Trust us, we know what's best for you.


Language for giving opinions
At a recent BALEAP conference the plenary speaker said something I found was quite startling. She was talking  about the fact we often teach things to students which are not, according to corpus data, representative of natural speech. That is, when we teach students things like 'language for giving opinions' we may present phrases like "I tend to think that..", "I consider..." and ''in my opinion' as a possible ways of alternatives to "I think" despite the fact they are actually vanishingly rare in speech, and are not really alternatives.   

I was worried when she reached her conclusion as it differed from mine, and I was speaking later that day! I had rather foolishly assumed that this meant we should stop teaching language which was unnatural of uncommon and instead focus on more useful, high frequency items. She didn't see it that way. She suggested that international students using odd or uncommon phrases, -especially if they were female, may sound quite 'charming'.
 
What I heard sounded familiar. I was reminded of my own experiences of learning a foreign language. Learning Japanese in Japan meant I had fairly natural sounding Japanese (brag brag). I only ever heard it from Japanese people speaking and I didn't have a textbook so my only input was them. I would occasionally meet people who studied abroad and would often find their Japanese odd or unnatural. For example, I would say the casual male 俺 ore for 'I' and they would say the more formal 私 watashiI would say "eh, what?" (e? Mou ikkai?) and they would say "I'm sorry but could you please repeat that." (sumimasen ga mou ichido itte kudasai) etc etc. It was really clear to me. The Japanese these people were learning was nothing like the Japanese I was hearing in Japan. 
 
Sometimes Japanese folks would be surprised and say things like 'foreigners shouldn't use Japanese like that.' or try to persuade me that really 'watashi' was a better choice of personal pronoun marker despite the fact none of the guys I knew used it. 
 
I'd also often hear 'you don't need to learn that Japanese' from well meaning folk, who no doubt had my best interests at heart. I later found that in 1988, the idea  of creating a 'foreigner Japanese' called Kanyaku nihongo with all the politeness markers removed was funded by the National Language Institute of Japan. This was no doubt to make it easier, for us poor foreigners trying to learn what is, according to many Japanese anyway, the most difficult language on the planet. Now, anyone who knows anything about Japanese can tell you that removing the politeness markers from Japanese is like removing the alcohol from beer. Technically possible but kind of defeating the object.

I found all of this patronising. I didn't want to learn foreigner Japanese I wanted to learn Japanese. Thus my experience leads me to think that students probably don't like being fobbed off with 'pseudo language'. They pay for and expect the real thing. My experience leads me to think this but I'm only one person and I could well be wrong.
 
It's not fair for me to assume that what I want is what my students want any more than it was fair for those well meaning Japanese folk to decide what I did and didn't need to learn and how I should sound. The danger with experience is always over extrapolation. This worked for me, in this place, at this time, so it must work for everyone.

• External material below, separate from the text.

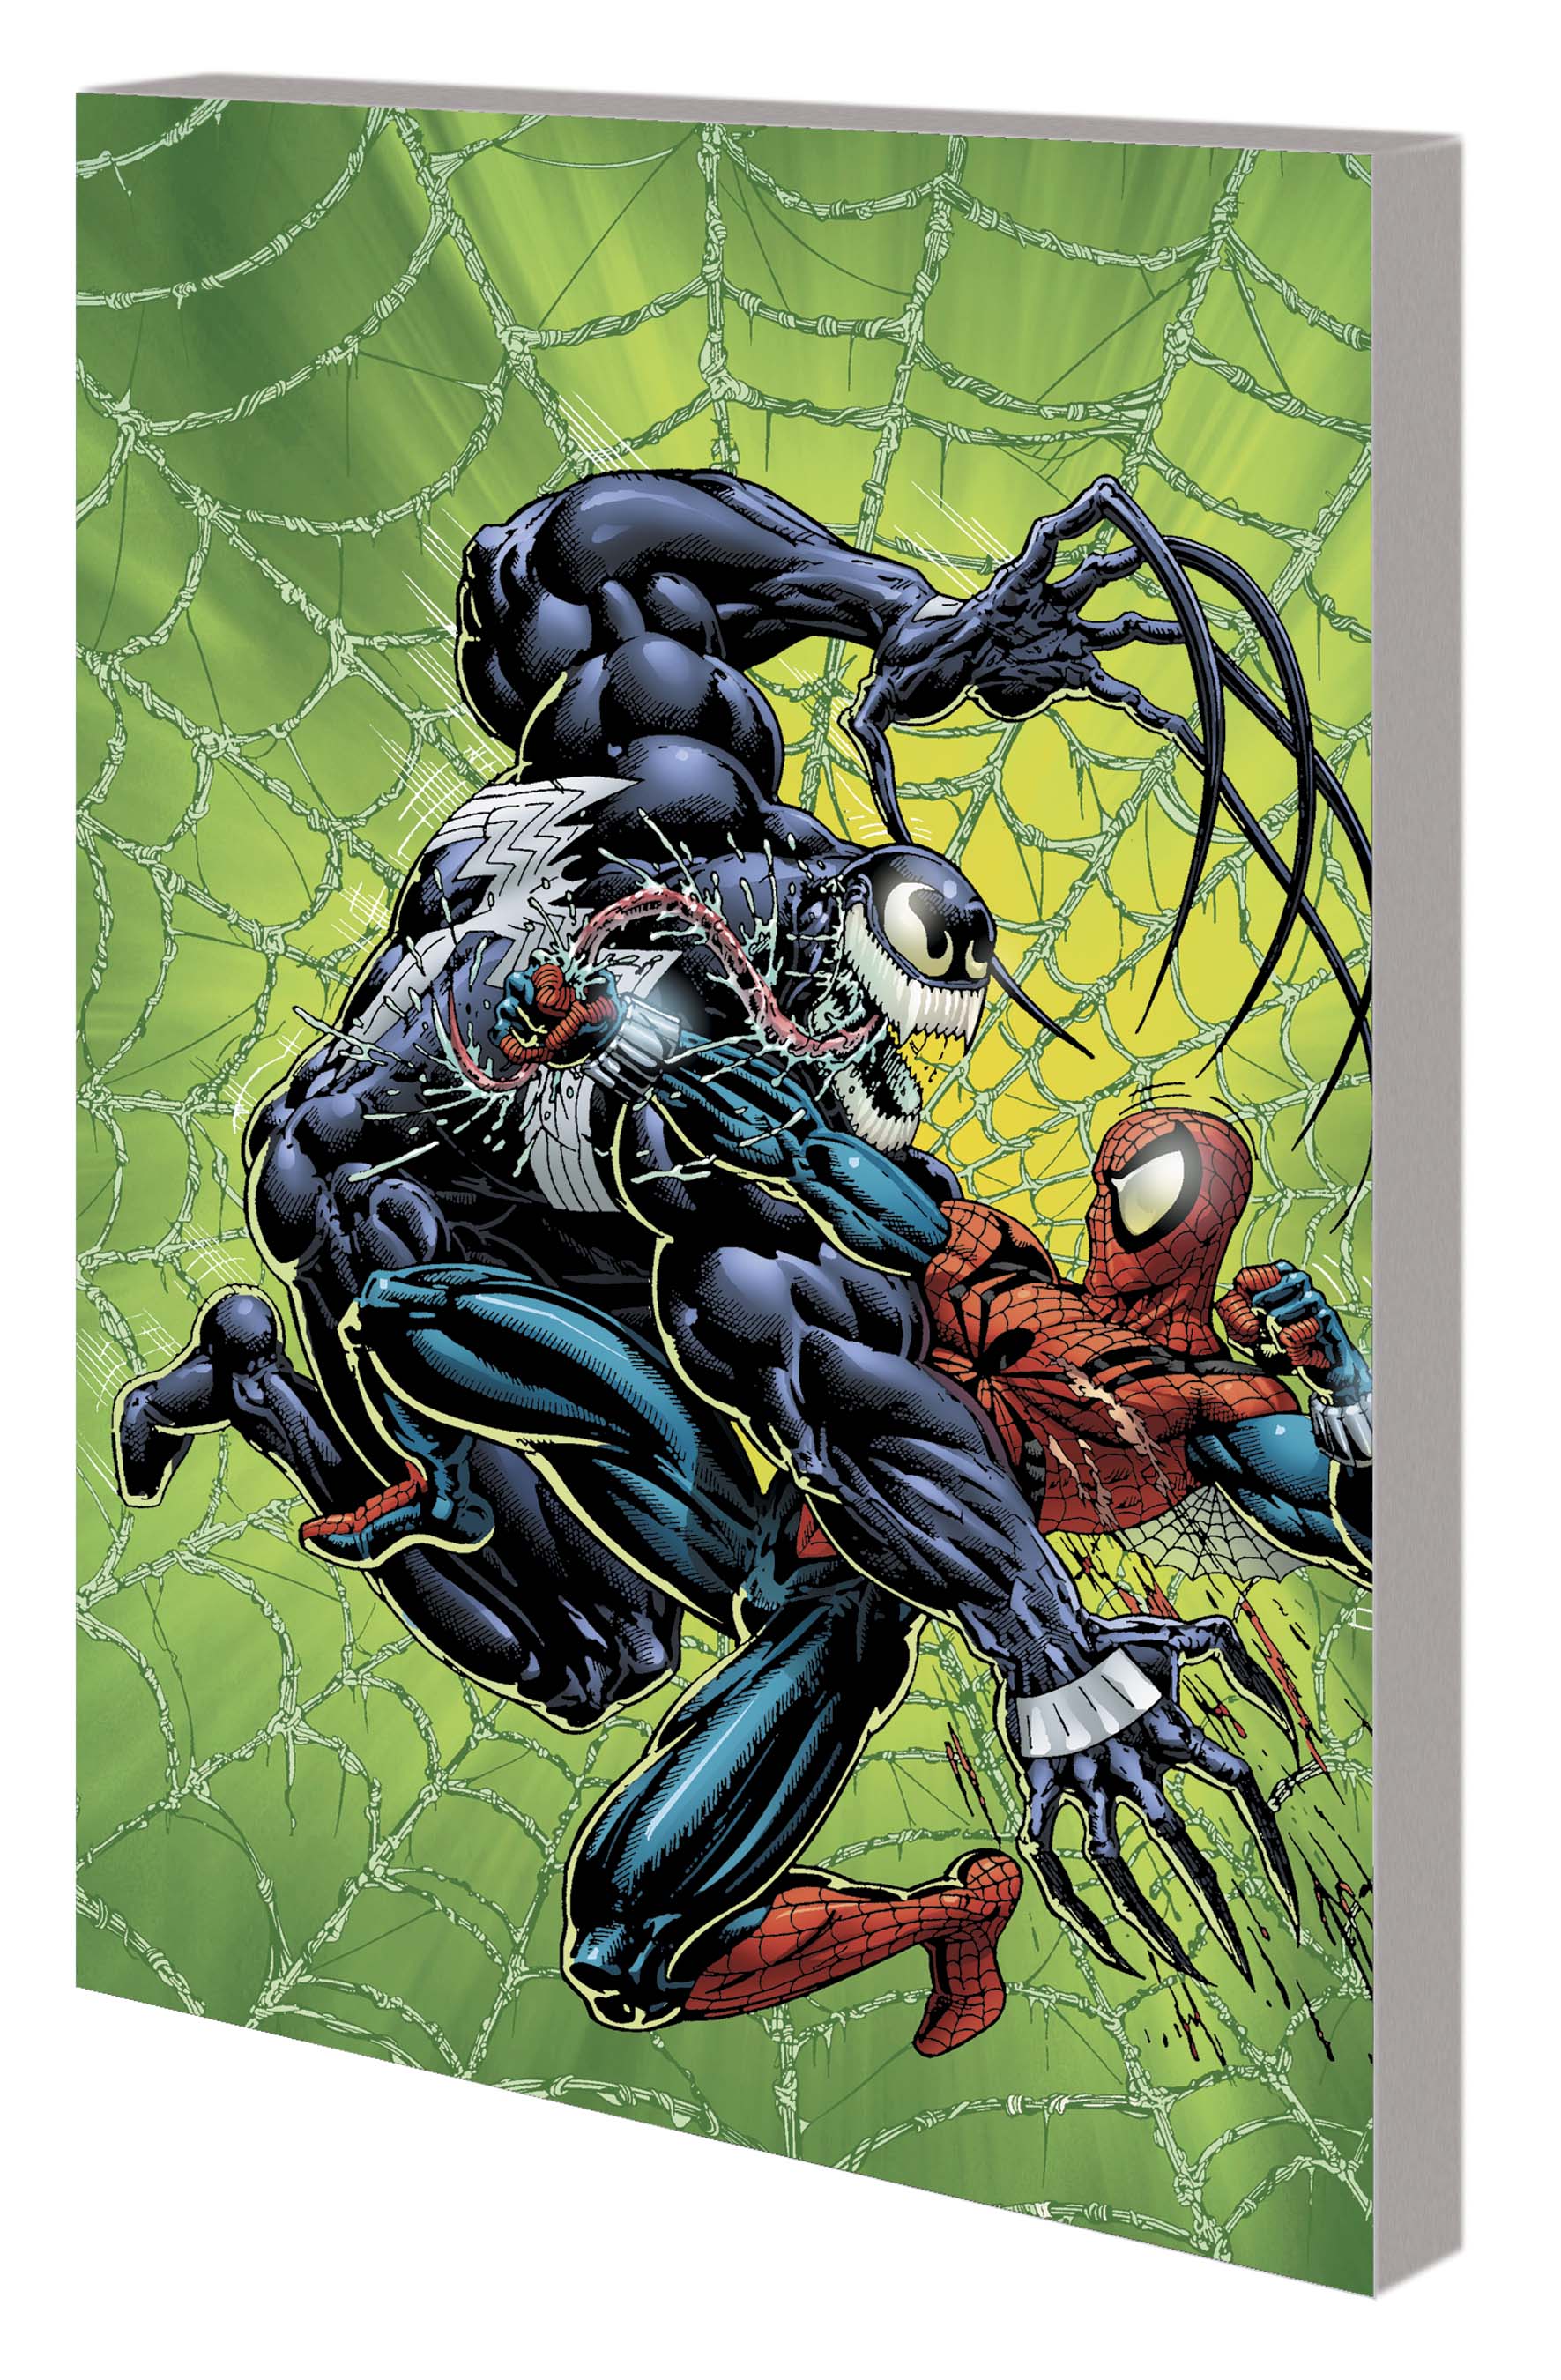 Spider-Man: The Complete Ben Reilly Epic Book 2 (Trade Paperback)

In the past some teachers told students that they should strive to sound like a native speaker and probably a certain type of native speaker.  Some teachers now tell students not to try to sound like native speakers. In both these cases, the person telling and the person being told, haven't changed.

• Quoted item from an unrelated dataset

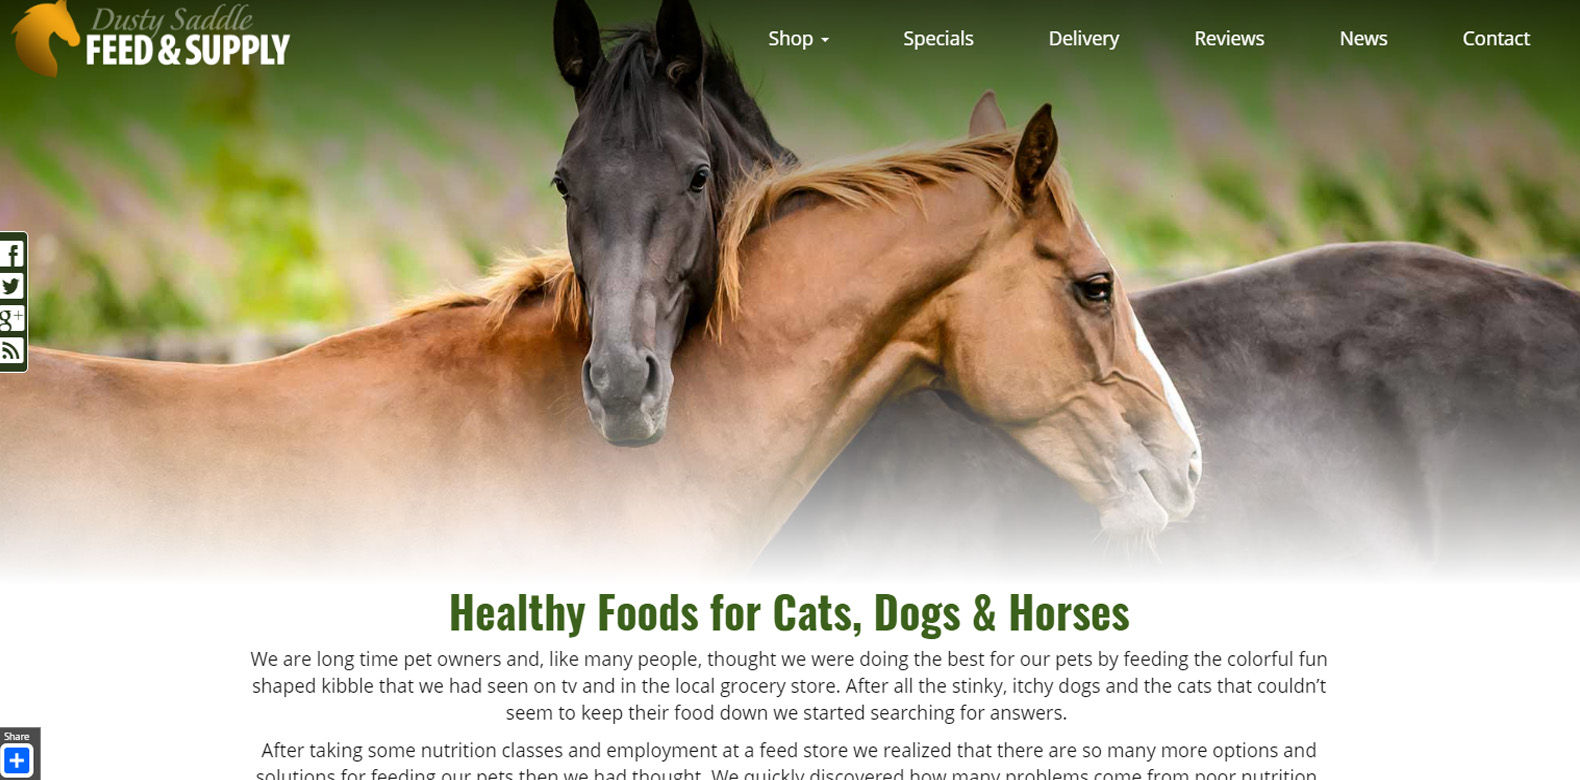 
New Website Launch: Dusty Saddle Feed & Supply

If student want to sound like their ideal of a native speakers (and many do) then that's fine. If they don't that's fine. It's their money. But even if students aren't interested in sounding like native speakers that's no excuse for us to teach them unnatural language and phrases because it's easier for us to teach like that.  All we are then doing is creating an alternative version of English -not ELF, just a pseudo English bleached and stripped of reality and no one is asking for that, no matter how 'charming' it might be.

2 comments:

  1. Earlier on I read this post and shared. Interesting point and I don't think you are alone here. It took me a long time to realise that what the students do outside the class in English affected the way they engaged in the lessons. I'm sure all of us have heard students saying things like "that's not the way people talk"! Especially because lots of kids in my context, listen to music and what we teach does not sound/look like anything they hear/read (in the lyrics). Quite often they will come up with questions like "what about wanna?" "I heard it in the movie." "I read in the subtitles.". It took me long years before I stopped giving silly responses to their clever comments/questions in order to justify the use of the coursebook and the language they were being taught and expected to use in class.
    In order to connect to what have been doing outside the class, I listen to music more often, I watch tv series/films more regularly, I read the books they like (their recommendations) in English so we can have real conversations, I am introducing them to comic books in English (to encourage them to read)... well the only thing I haven't been able to do is playing games. Lack of time and energy being a full time teacher and mom! But it does change the perspective of the students when you become more engaged with the language outside the coursebook.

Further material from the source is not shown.